The date flopped for a couple of reasons, but bad grammar bothers Mr. Cohen. Learning a potential mate doesn’t know the difference between “there,” “they’re” and “their” is like discovering she loves cats, he says. Mr. Cohen is allergic to cats. “It’s like learning I’m going to sneeze every time I see her,” he says.
With crimes against grammar rising in the age of social media, some people are beginning to take action. The online dating world is a prime battleground.
Mr. Cohen joins a number of singles picky about the grammar gaffes they’re seeing on dating sites. For love, these folks say written communications matter, from the correct use of semicolons, to understanding the difference between its and it’s, and sentences built on proper parallel construction.
“Grammar snobbery is one of the last permissible prejudices,” says John McWhorter, a linguistics professor at Columbia University. “The energy that used to go into open classism and racism now goes into disparaging people’s grammar.”
Mr. Cohen now uses an app that ranks the message quality of prospective dates. Called the Grade, the app checks messages for typos and grammar errors and assigns each user a letter grade from A+ to F.

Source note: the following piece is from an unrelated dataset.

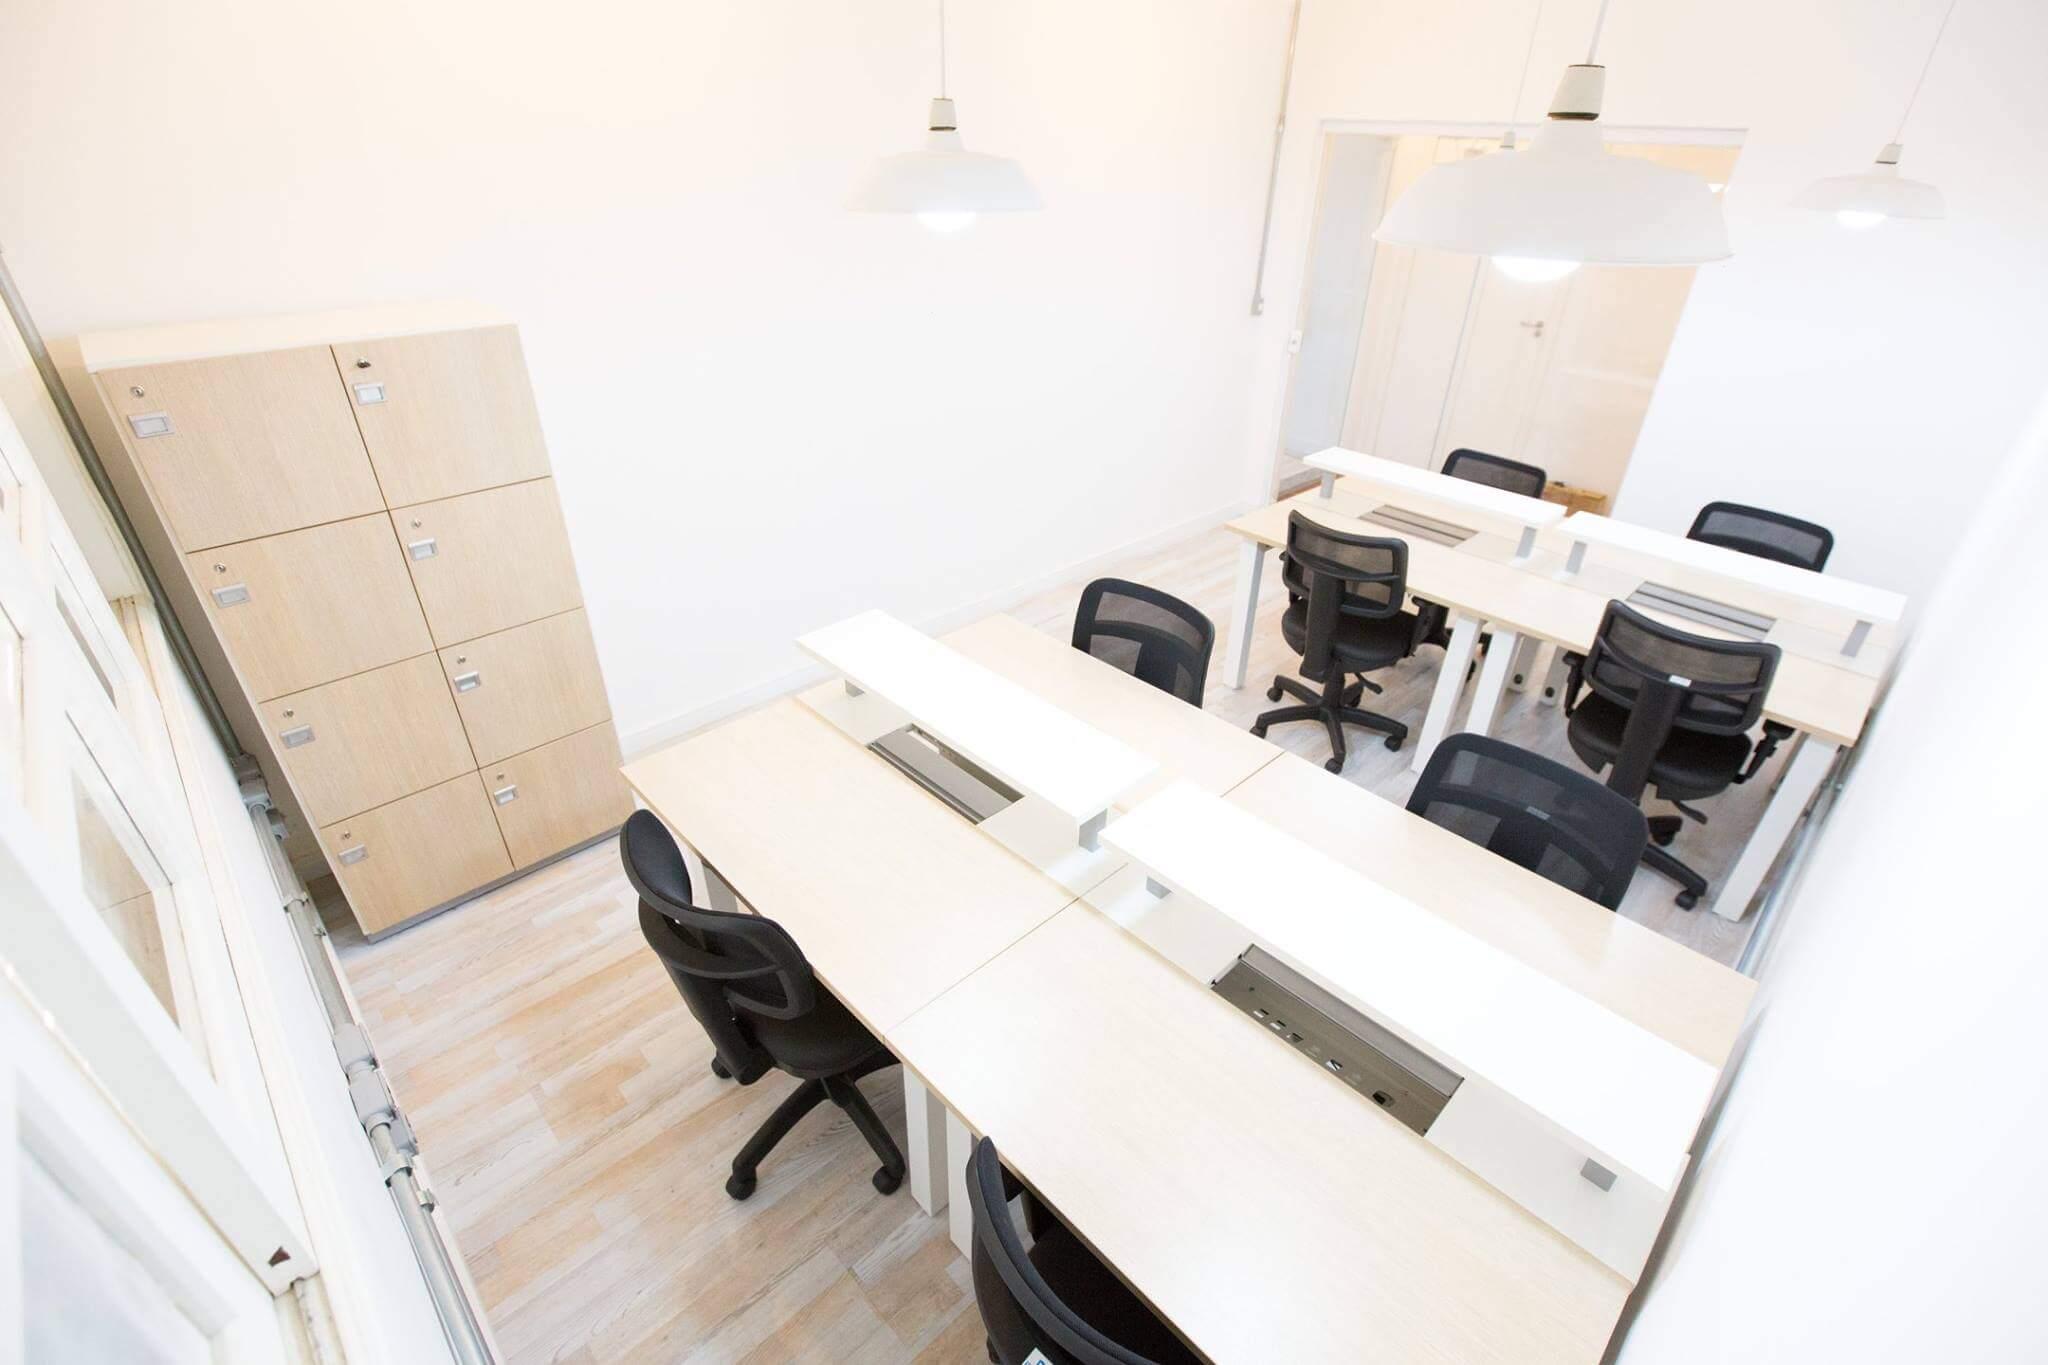 Loasi Coworking SJC - Escritório Compartilhado em São José dos Campos - Aluguel de Salas comerciais

The Grade demotes people whose messages contain certain abbreviations, like “wassup” and “YOLO,” short for “You Only Live Once,” popular among young people who want to justify doing something risky or indulgent. Clifford Lerner, chief executive of SNAP Interactive Inc., the company that makes the Grade, says the app downgrades these types of phrases in an effort to promote “meaningful conversations.”
Dating site Match asked more than 5,000 singles in the U.S. what criteria they used most in assessing dates. Beyond personal hygiene—which 96% of women valued most, as compared with 91% of men—singles said they judged a date foremost by the person’s grammar. The survey found 88% of women and 75% of men said they cared about grammar most, putting it ahead of a person’s confidence and teeth.
“When you get a message that is grammatically correct and has a voice and is put together, it is very attractive, it definitely adds hotness points,” says New Yorker Grace Gold. “People who send me text-type messages, and horrific grammatical errors? I just delete them.” She recalls the red flag raised by one potential suitor who had written his entire dating profile in lowercase.
Language has always played a part in how people judge others, but it has become amplified in recent years with increasing informal and colloquial usage, says Ben Zimmer, a lexicographer and chair of the New Words Committee of the American Dialect Society.
Read the entire story here.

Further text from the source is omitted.